Materials and methods
Materials
Silver nitrate (AgNO3) and 1,1-diphenyl-2-picrylhydrazyl (DPPH) were purchased from Sigma-Aldrich (St. Louis, MO). Sodium borohydride (NaBH4) was purchased from Fluka (St. Louis, MO). Muller Hinton (MH) medium was purchased from Merck (Darmstadt, Germany). Sodium chloride, yeast extract and tryptone were purchased from VWR chemical (Leicestershire, UK), CONDA (Madrid, Spain) and Criterion™ (Santa Maria, CA), respectively. All chemical used were of analytical grade.
Plasmid DNA extraction and purification
The plasmid DNA was prepared by alkaline lysis and phenol–chloroform extraction based on Sambrook et al. [Citation24]. A single colony of Escherichia coli containing the plasmid DNA, pGADT7 AD (Clontech, Mountain View, CA), was cultured in 4 ml Luria–Bertani (LB) broth containing 50 µg/ml of ampicillin at 37 °C for 6 h before transferring to culture in 200 ml fresh medium for another 18 h. The bacterial cells were harvested by centrifugation at 8000g for 2 min. The cell pellet was resuspended in 1 ml GTE buffer (50 mM glucose, 25 mM Tris-HCl pH 8.0 and 10 mM EDTA pH 8.0) and lysed in 2 ml lysis buffer (0.2 N NaOH, 1% SDS) on ice for 5 min. After adding 1.5 ml neutralization buffer (5 M potassium acetate pH 5.2), the mixture was centrifuged at 12,000g at 4 °C for 5 min to remove cell debris. The collected supernatant was mixed with one volume of isopropanol to precipitate the DNA. After DNA pellet was collected by centrifuging, it was washed once with 70% ethanol and subsequently air-dried. The DNA was treated with RNase (300 µg/ml) at 37 °C for 1 h before purifying by adding an equal volume of phenol–chloroform solution (25:25, v/v). After a centrifugation, the aqueous phase was extracted once with chloroform. The aqueous phase was collected to precipitate the DNA by adding 2.5 volumes of ethanol and 0.1 volume of 3 M sodium acetate. The DNA pellet was collected by a centrifugation and washed once with 70% ethanol, before dissolving in sterile deionized water. The DNA concentration was determined by a Nanodrop® ND-1000 Spectrophotometer (Nanodrop Technologies, Wilmington, DE). The purified plasmid DNA was visualized on a 0.8% the agarose gel.
Synthesis of AgNPs
To synthesize AgNPs, the plasmid DNA was heat-denatured in boiling water for 5 min and immediately put on ice before using. The seeds of AgNPs were prepared in the reaction containing 1.0 mM silver nitrate (2 ml), 2.0 mM NaBH4 (6 ml) and the DNA (20 µg) at room temperature for 5 min. The reaction was then exposed to different wavelengths of LED lights for 24 h; blue light (λmax = 460 nm, 20 W), green light (λmax = 520 nm, 20 W) and red light (λmax = 620 nm, 20 W). The reactions with no light exposure and no DNA were used as the controls. The formation of AgNPs was monitored by measuring the absorbance at 300–900 nm by a spectrophotometer (Analytik Jena, Jena, Germany). To study the effect of DNA content, the reactions contained different amounts of DNA (10, 20 and 40 μg) were also prepared before exposing to the 460-nm LEDs for 24 h. In addition, the formation of AgNPs in a time course of 24 h was studied by sampling the reactions using 20 and 40 μg DNA at 3, 6, 12 and 24 h.

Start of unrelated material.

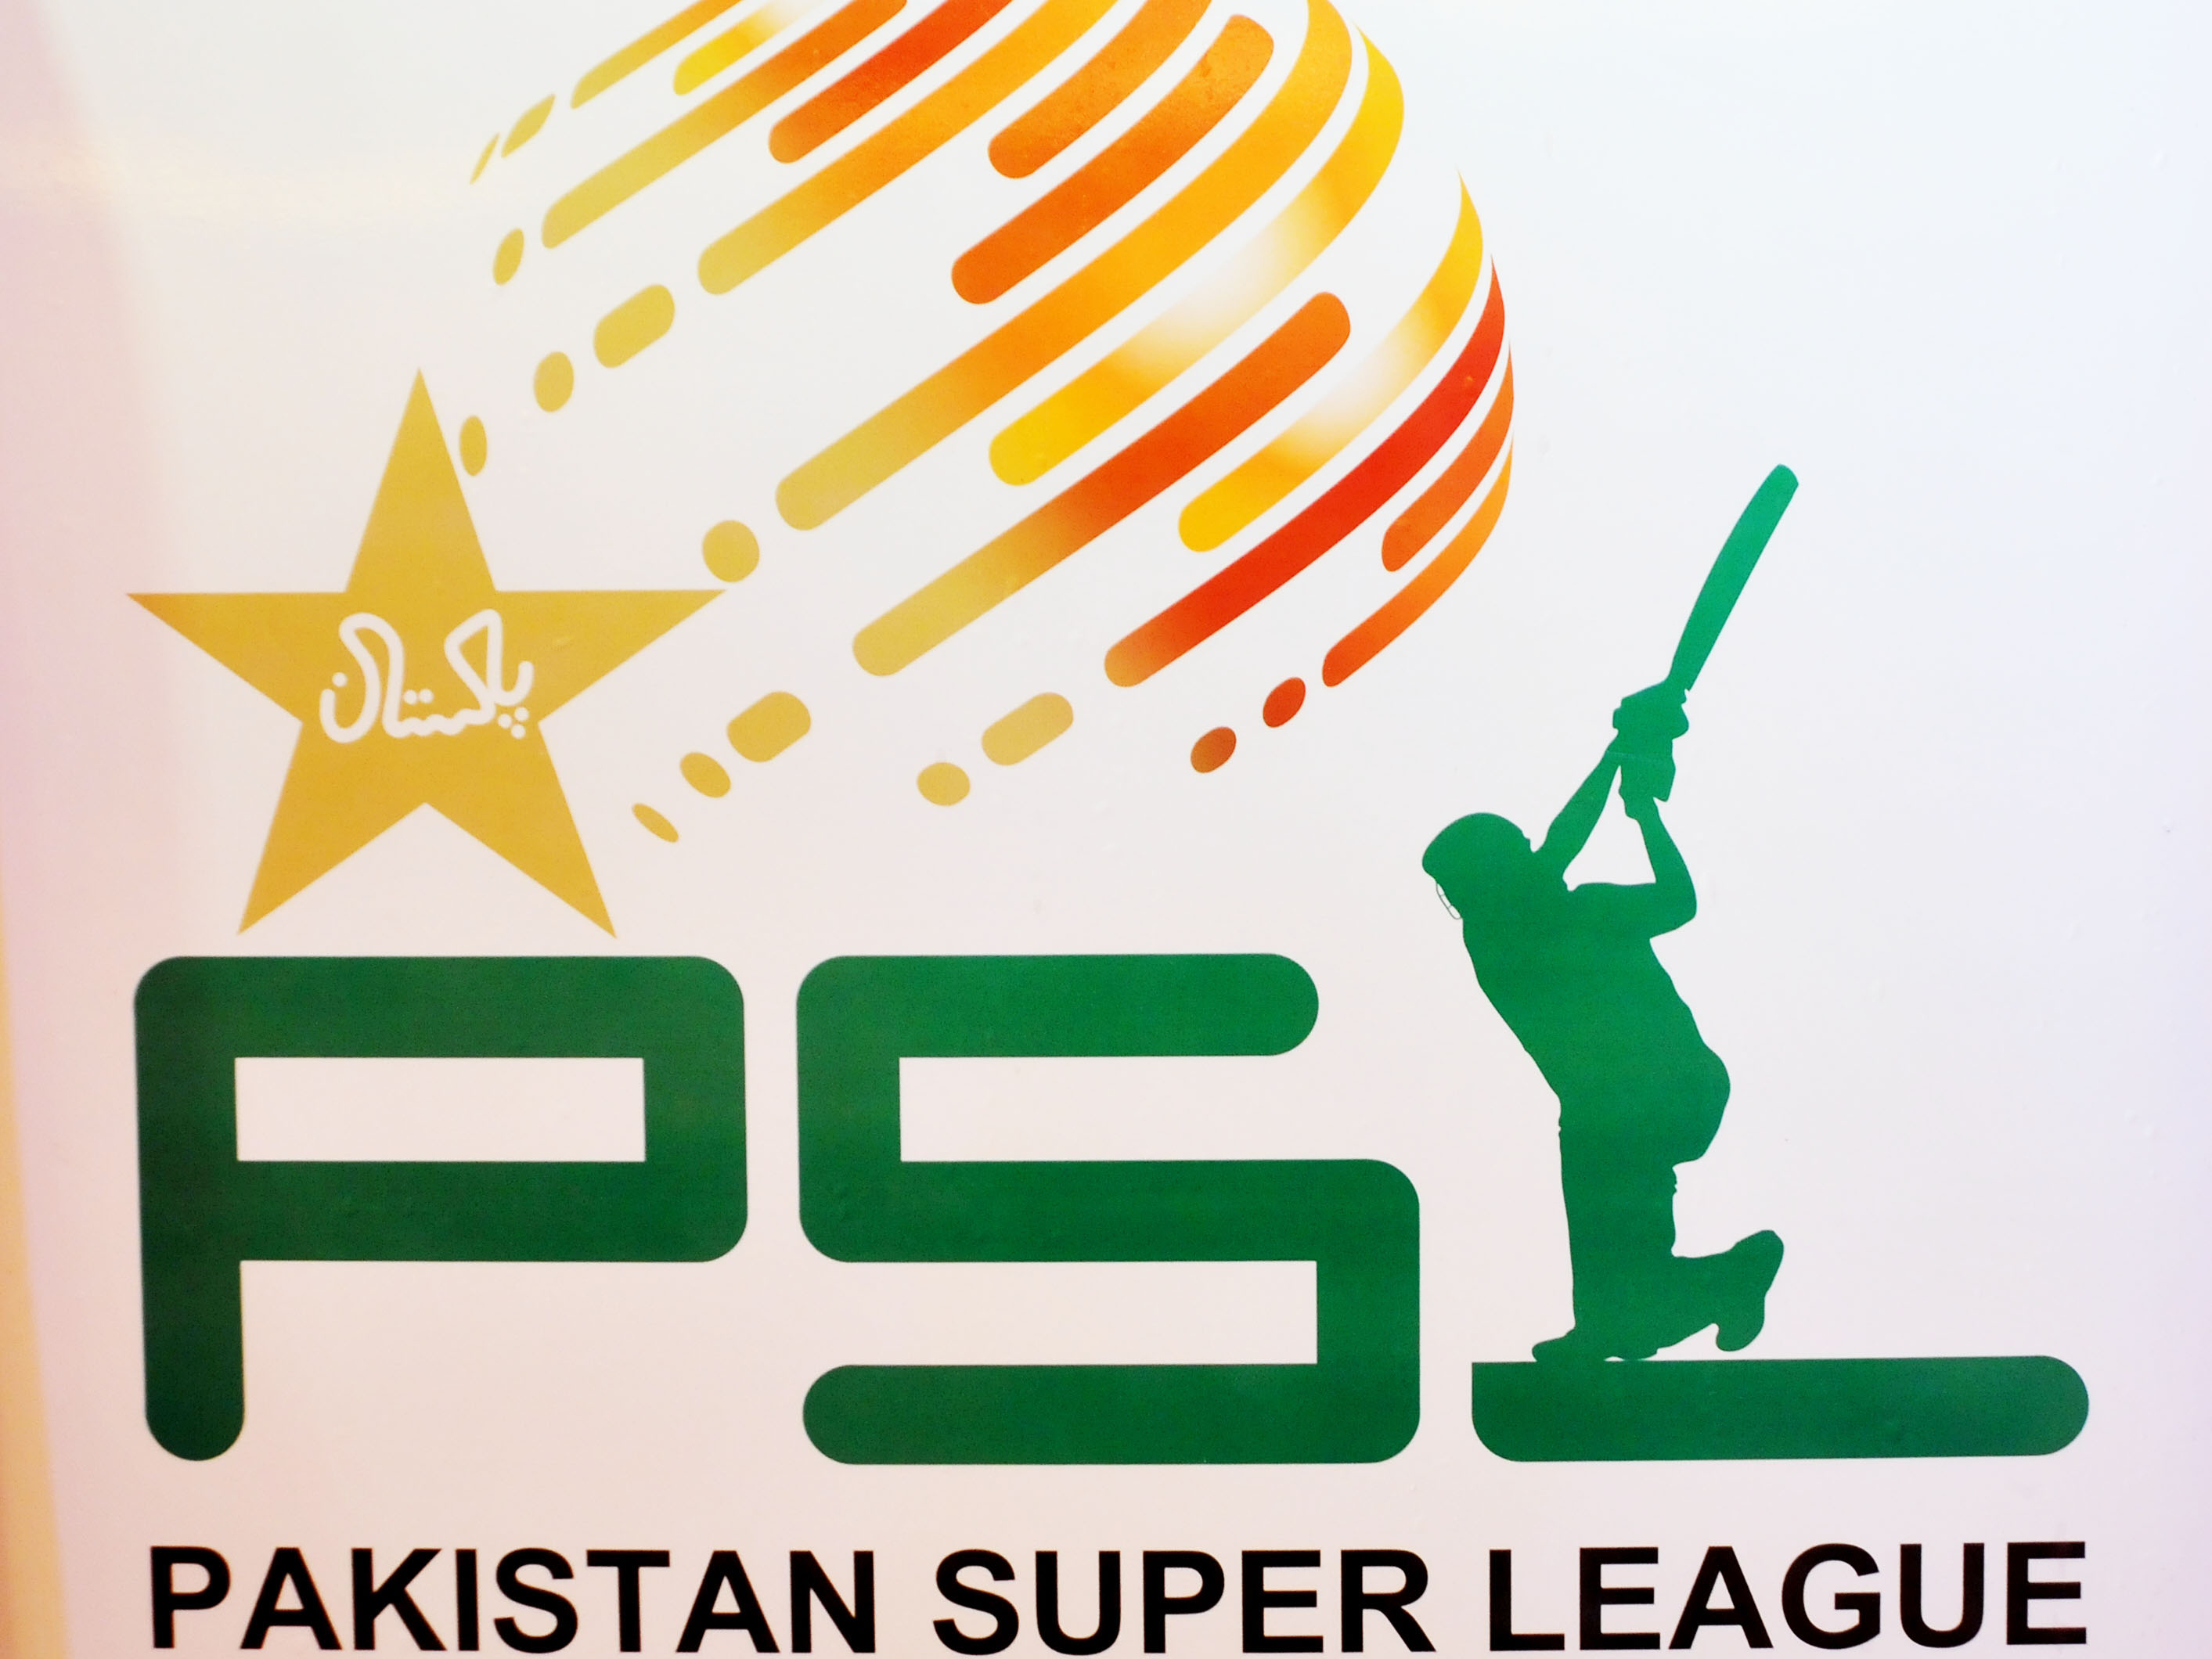 pakistani umpires aleem dar and asad rauf will also officiate in the psl photo zahoorul haq express file

Characterization of the synthesized AgNPs
The taken images of transmission electron microscope (TEM; FEI, Hillsboro, OR) were used to determine the morphology and size of the synthesized AgNPs. The samples were deposited on a carbon-coated copper holder and dried at room temperature before observing under TEM operating at 200 kV. The particle size was analyzed from TEM images using the Image J software (NIH, Bethesda, MD). In addition, the selected area electron diffraction (SAED) pattern and high-resolution transmission electron microscope (HRTEM) were analyzed by a conventional transmission mode of TEM operating at 200 kV. The crystalline nature of the synthesized AgNPs was analyzed by an X-ray diffractometer (XRD; Bruker, Bremen, Germany) using a Cu Kα radiation (λ = 1.5406 Å). The samples were prepared by dropping on a glass slide and air-dried before transferring to XRD analysis. The XRD measurement conditions were set as follows; a diffraction angle 2θ between 30° and 80°, a step-width Δ2θ of 0.02° and a sampling time of 0.2 s/step.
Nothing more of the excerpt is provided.